People have not forgotten Vincent Chin.

Ten years after the Chinese American was brutally murdered by two unemployed Detroit autoworkers, people across the United States will gather to remember him and other victims of anti-Asian violence.

In Seattle, a candlelight vigil will commemorate Chin on June 23 in the International District’s Hing Hay Park from 8-8:45p.m.

“The vigil would represent a poignant reminder of the need to address anti-Asian violence,” said Karen Yoshitomi, regional director of the Pacific Northwest District of the Japanese American Citizens League. “Even after 10 years have passed, the concern over the increase in anti-Asian violence underlines the need for community involvement.”

The theme of the vigil is “We Must Not Forget.” It will include a keynote address by Seattle Central Community College Professor Tracy Lai, a reading of names by local community leaders of Asian Americans who have been killed as a result of anti-Asian prejudice, and a performance by the local Korean American rap group the Seoul Brothers.

Calling for justice and an end to all forms of bias-motivated violence, Asian American groups around the country will hold similar gatherings. Commemorations for Chin will take place in Los Angeles, Detroit, Washington, D.C., San Francisco and New York.

Vincent Chin was murdered by two unemployed Detroit autoworkers, Ronald Ebens and his stepson Michael Nitz, on June 19, 1982, in Detroit’s Highland Park area. According to a waitress, a scuffle broke out in a local nightclub after Ebens, an auto plant foreman, told Chin, “It’s because of you, motherf-s, that we’re out of work.”

Ebens and Nitz later followed Chin to a nearby restaurant parking lot where an off-duty police officer and several bystanders witnessed Ebens repeatedly strike Chin on the head with a baseball bat, crushing his skull. Chin died four days later on June 23, only days before he was to be married.

Charged with only second-degree murder, Ebens and Nitz eventually pleaded guilty to a reduced charge of manslaughter. They were later sentenced to three years probation and a $3,780 fine.

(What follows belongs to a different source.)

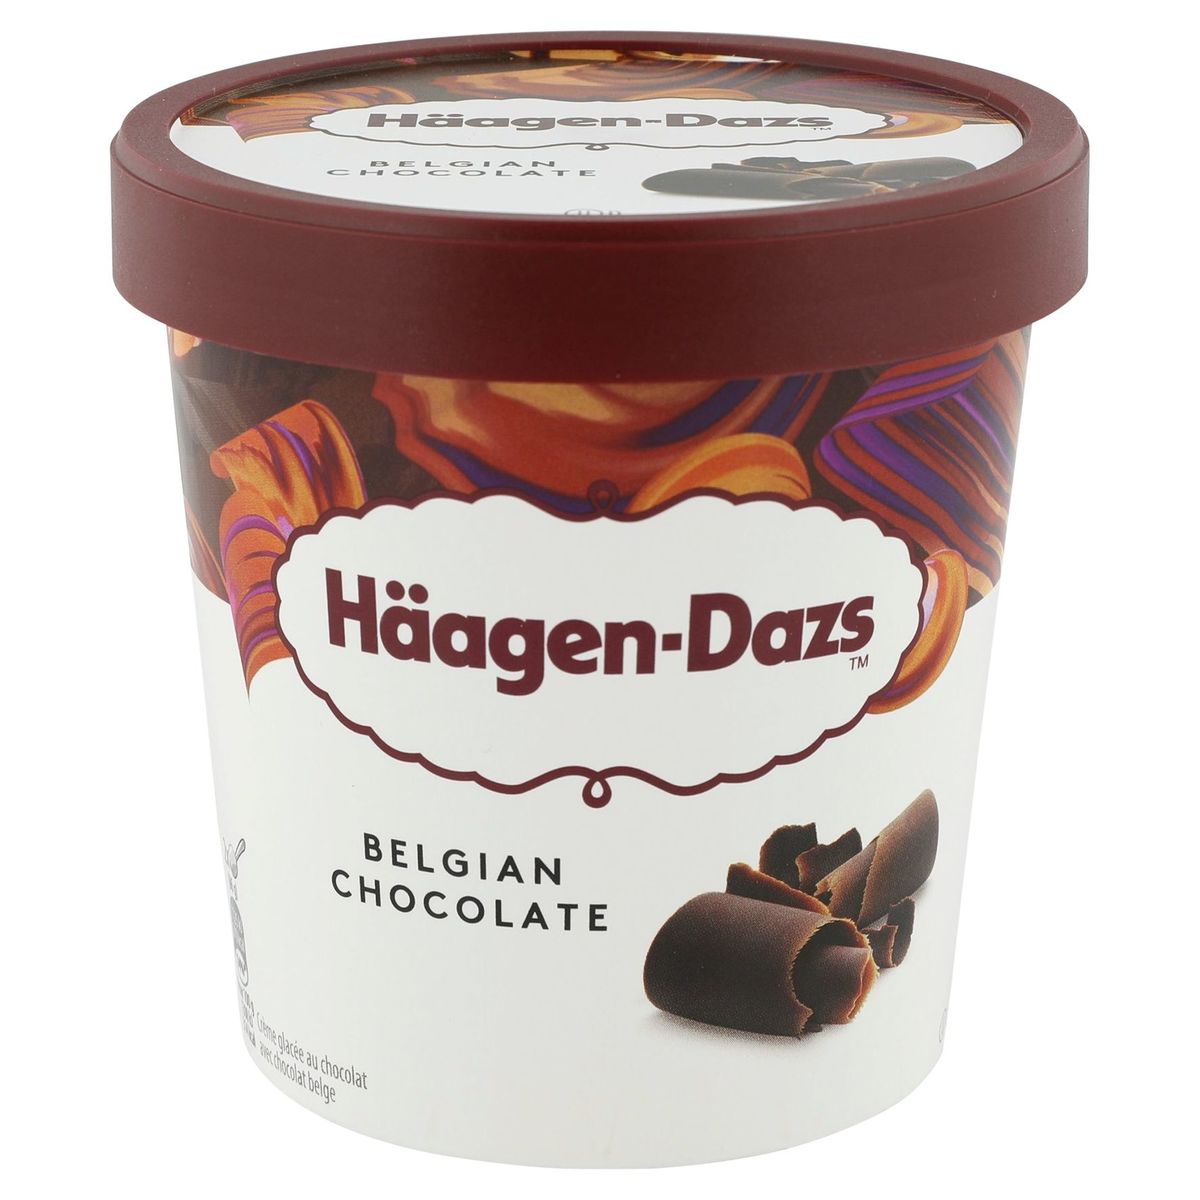 Häagen-Dazs Crème glacée Belgian Chocolate Pint 460ml

The lenient sentence touched off a flurry of activities from Asian American organizations around the nation. Chin’s death sparked what many consider an Asian American civil rights movement calling for justice.

“People felt complete and total outrage and disbelief,” said Helen Zia, who spearheaded the national movement for justice. “It [the murder] touched people at a time, especially in the Michigan area, where people were feeling like targets…” Zia was then a reporter for the Detroit Free Press at the time.

Both Ebens and Nitz were later charged by the federal government for conspiracy and violation of Chin’s civil rights. Yet, despite these national efforts, neither Ebens nor Nitz spent a day in prison for Chin’s murder.

According to Zia, heightened anti-Asian sentiment in recent years has led to thousands of racially motivated assaults and killings of Asian Americans. Yet, very few of these attacks have been investigated or prosecuted as hate crimes. Many Asian Americans feel the criminal justice system has failed the Asian American community.

Zia also notes that highly publicized Japan-bashing, especially following the 50th anniversary of Pearl Harbor, in addition to pervasive stereotypes of Asian Americans as the “model minority,” have led to increased racial antagonism and hostility directed against all Asian Americans, regardless of their national origin.

Seattle’s growing local Coalition to Commemorate Vincent Chin has formed as community groups condemn all forms of bias-motivated violence.

“As a Chinese American I am aware that there is more violence going on in our community. I would like to bring attention to anti-Asian violence before it gets worse,” said Denise Sharify, Asian Pacific community advocate for Seattle Rape Relief and one of the organizers of the local commemoration.

“I’d like for people to know that we can come together and fight for justice. I’d also like to recognize women who are often victims of anti-Asian violence.”

The candlelight vigil is endorsed by over 25 local organizations, including: the International Examiner, the Japanese American Citizen League Pacific Northwest District Office, the Unity Organizing Committee, the Washington State Commission on Asian American Affairs, Seattle Rape Relief, American Friends service Committee, Washington Asian and Pacific Islander Student Union, the Filipino American Political Action Group of Washington, the Northwest Coalition Against Malicious Harassment, the Central Area Motivation Program, Queer Nation, the Asian Pacific AIDS Council, the Seattle Chinatown/International District Public Development Authority, the International District Community Health Center, Women of Color: Organize For Justice, Asian Lesbians Outside of Asia, the Seattle Office for Women’s Rights and several other organizations.